Study Finds Curious Link Between ALS and Men's Golf Habits

It turns out sports like golfing might have a concerning connection to a fatal neurological disease. A recent study published in the Journal of the Neurological Sciences found a potential connection between golf and other recreational activities and the development of amyotrophic lateral sclerosis, known widely as ALS or Lou Gehrig's disease.

Researchers broke down how golfing and activities like gardening, woodworking, and hunting can affect a person's likelihood to develop ALS in later years.

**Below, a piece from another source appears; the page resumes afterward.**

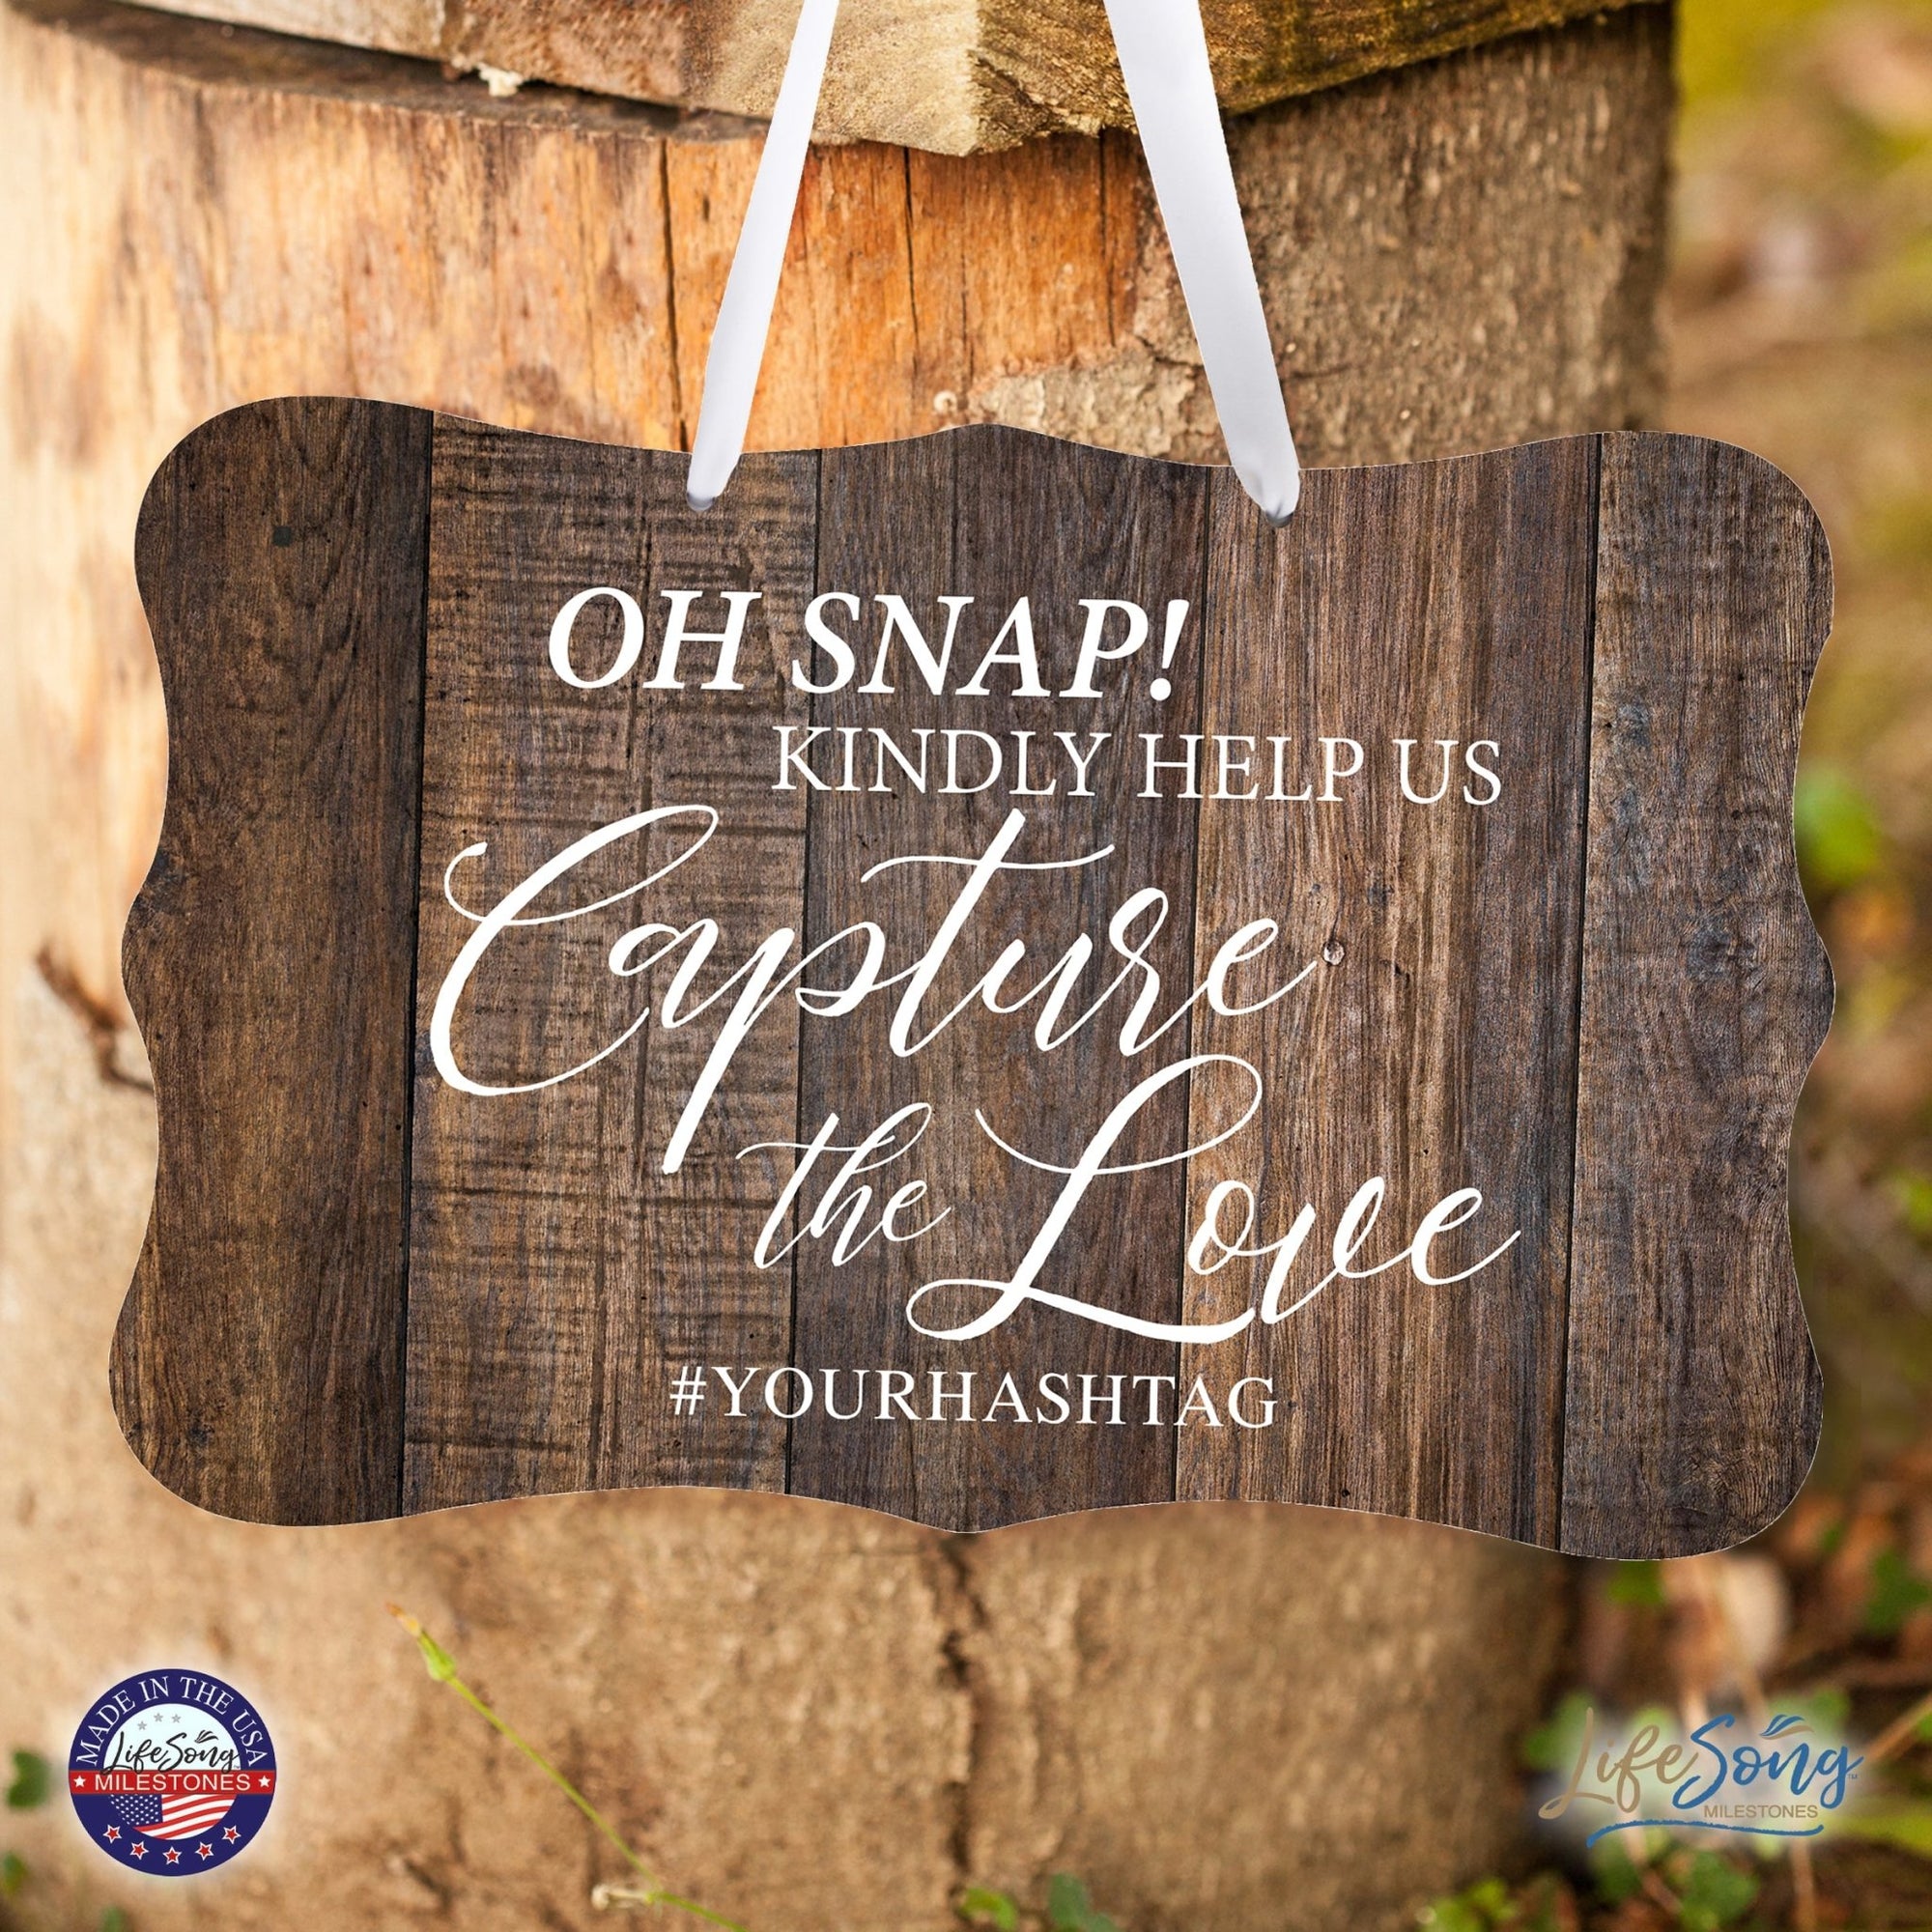 Custom Wedding Wall Hanging Signs For Ceremony And Reception For Couple - Oh, Snap! - LifeSong Milestones

Studies in the past have found that many manual labor jobs can be linked to an increased risk for ALS, and the latest research illuminates the potential dangers of golfing on top of different physical activities.

"We know that occupational risk factors, like working in manufacturing and trade industries, are linked to an increased risk for ALS, and this adds to a growing literature that recreational activities may also represent important and possibly modifiable risk factors for this disease," study author Stephen Goutman said in a statement.

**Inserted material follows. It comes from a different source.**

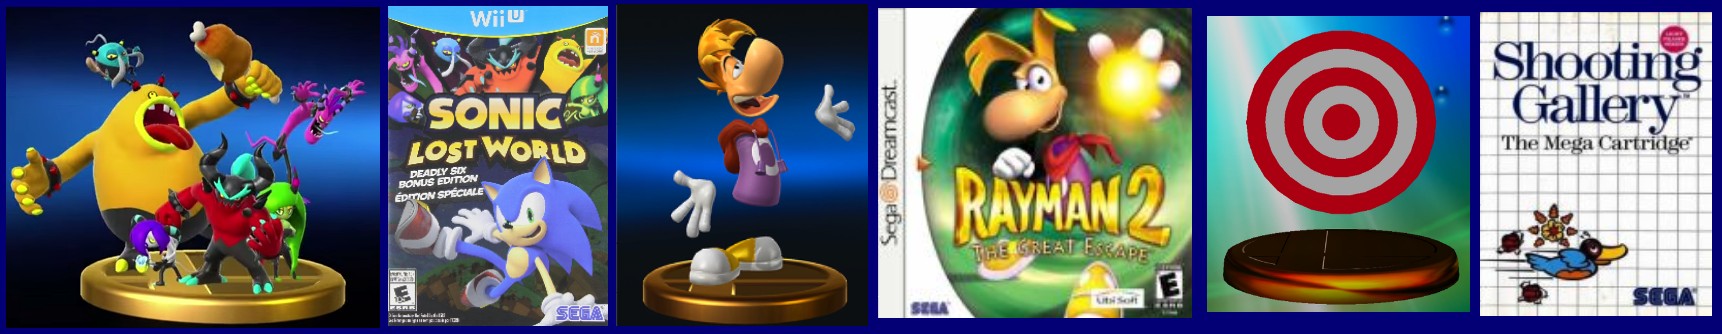 review_sort_of_smash_bros_trophies_deadly_six_rayman_target

Related: Golfers Face Elevated Risk of Developing This Health Problem, Study Finds

The study took place between June 2010 and February 2020. The team examined 400 people living with ALS and asked them about their hobbies five years before the onset of symptoms; 287 people who don't have the disease similarly shared their go-to hobbies in the years before participating in the study. These activities included golf, woodworking, hunting, shooting, and some home renovation.

In the end, the study found that men who play golf may be at three times higher risk of developing ALS in their lives. Female golfers may also be at higher risk, but the numbers weren't high enough for researchers to say so definitively.

"It is surprising that the risk factors we identified appear to be specific to males," Goutman confessed. "While these activities may also increase ALS risk in females, the number of females in our study was too small for us to come to that conclusion."

Still, don't let the study keep you from the tee box. The scientists say it's too early for medical professionals to advise their patients to stop golfing. Instead, they want more research done in the future to find the best options for dealing with ALS. "Future studies should include these activities to pinpoint how they can be understood in the context of ALS prevention, diagnosis, and treatment," Goutman said. For now, it remains a correlation rather than a causation.

It's ultimately best to try and stay as active as possible, even if it means playing golf or doing some home remodeling.